During the bridge where Rodrigo shout-sings about the oddity that is feeling jealous over a stranger online (“I wanna be you so bad / And I don't even know you”), the backing piano deliberately stumbles just enough outside the key that it strips back the polished, professional quality and makes the production feel live like she’s so in the moment that mistakes are secondary to authenticity. In an instant, her message is that much clearer — imperfection is the new standard of beauty. 


SOUR closes with “hope ur okay”, a soft guitar ballad where Rodrigo reflects and mourns for childhood friends she knew led traumatic lives but lost contact with over the years. For me, it was the best kind of misdirect, because upon seeing the tracklist a few weeks ago, I originally thought it was going to be a song of well-wishes to her ex so she could bring the album to a satisfying conclusion or full-circle moment. 
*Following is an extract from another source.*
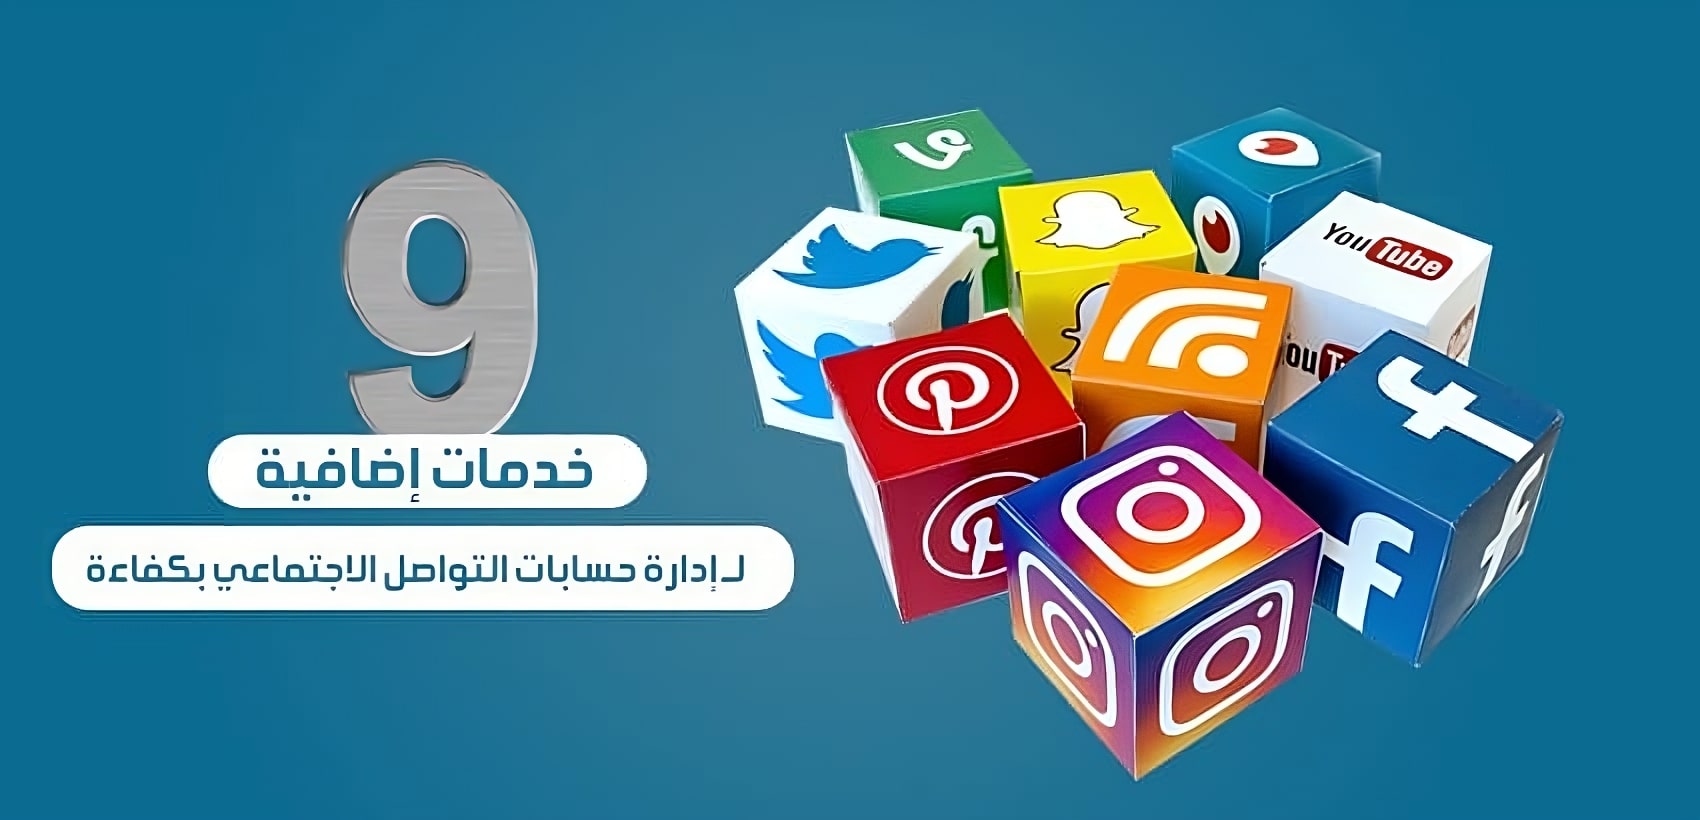 9 خدمات إضافية لــ إدارة حسابات التواصل الاجتماعي بكفاءة

Instead, she brings to life the memories of past friendships with all the detail-specific storytelling grace of Swift’s “no body, no crime” (2020) or Conan Gray’s “The Story” (2020). She touches upon abuse (“His parents cared more about the Bible / Than being good to their own child”), sexuality (“Her parents hated who shе loved…Does she know how proud I am she was created?”), and identity (“She was tired, ’cause she was brought into a world / Where family was merely blood”), all with incredible maturity, almost motherly tone. 


Again, the bridge, with all its vocal stacking to make Rodrigo sound like a dozen-membered church chorus, never feels quite long enough. It crescendos with my favorite line “Address my letters / to the holes in my butterfly wings”, then falls back into the touching close to an album that has thus far been occupied with hearts being broken in other ways, flipping the story she originally set out to write for herself. 


These are the stand-outs for me but Rodrigo has made it impossible to skip anything on the tracklist just shy of eleven songs. “traitor” poignantly captures feeling betrayed by a lover, “1 step forward, 3 steps back” is the perfect love letter to Swift in its interpolation of “New Year’s Day” (2010) and reference to her lucky number 13, and “enough for you” aptly captures all the insecurities I’ve felt while in the romantic realm — all with quiet but honest urgency and surprising maturity. Every song is gorgeous and offers something new. 


Secretly, I’m jealous of the Gen Z teens who get to rock to this in their bedroom or listen to it during class. But the brilliant thing about SOUR, from its lyrics to its aesthetics to its production, is that it ends with both Rodrigo and the listener, no matter how old, on the cusp of adolescence, wary but ready to jump into adulthood.